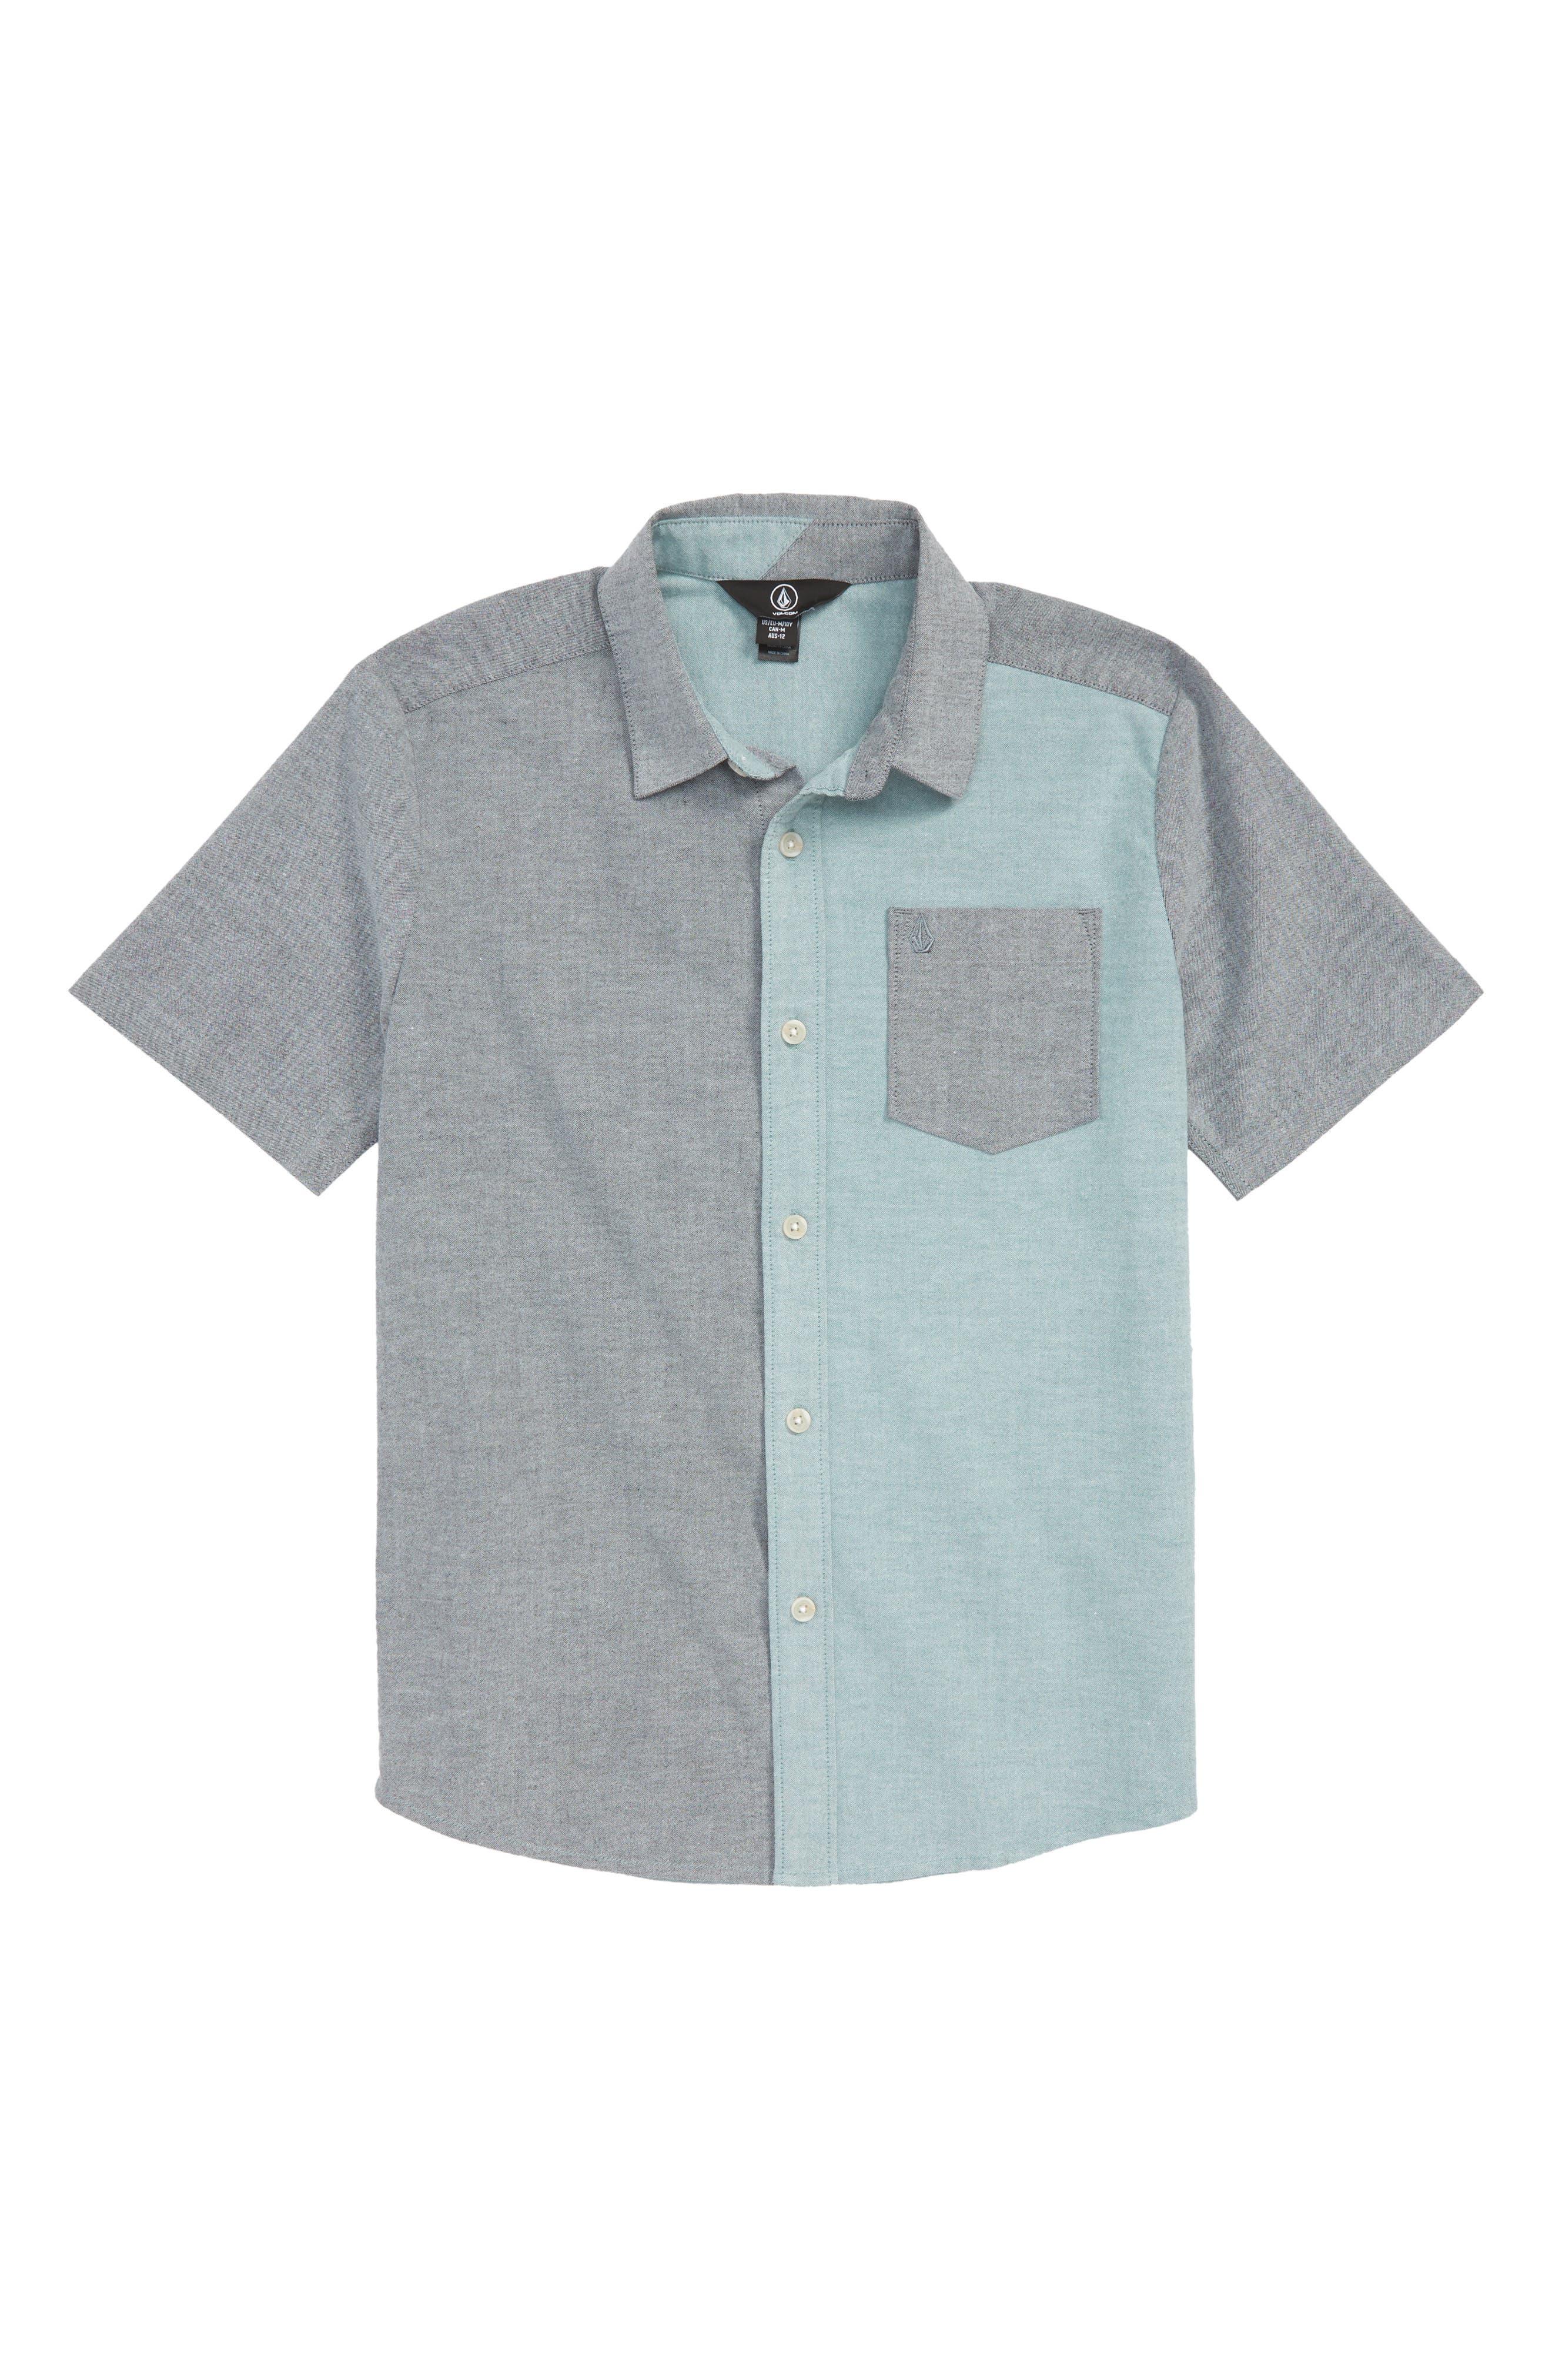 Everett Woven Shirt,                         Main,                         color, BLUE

...

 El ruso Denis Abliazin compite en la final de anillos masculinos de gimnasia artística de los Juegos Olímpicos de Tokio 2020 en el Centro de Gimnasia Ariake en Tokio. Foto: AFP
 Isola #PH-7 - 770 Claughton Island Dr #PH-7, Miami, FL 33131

_Your task_:
Retype only the stretch of lines above starting at the one with "El ruso Denis" and stopping at the one with "Isola #PH-7 - 770", exactly as written, with both kept.

_Answer area_:
 El ruso Denis Abliazin compite en la final de anillos masculinos de gimnasia artística de los Juegos Olímpicos de Tokio 2020 en el Centro de Gimnasia Ariake en Tokio. Foto: AFP
 Isola #PH-7 - 770 Claughton Island Dr #PH-7, Miami, FL 33131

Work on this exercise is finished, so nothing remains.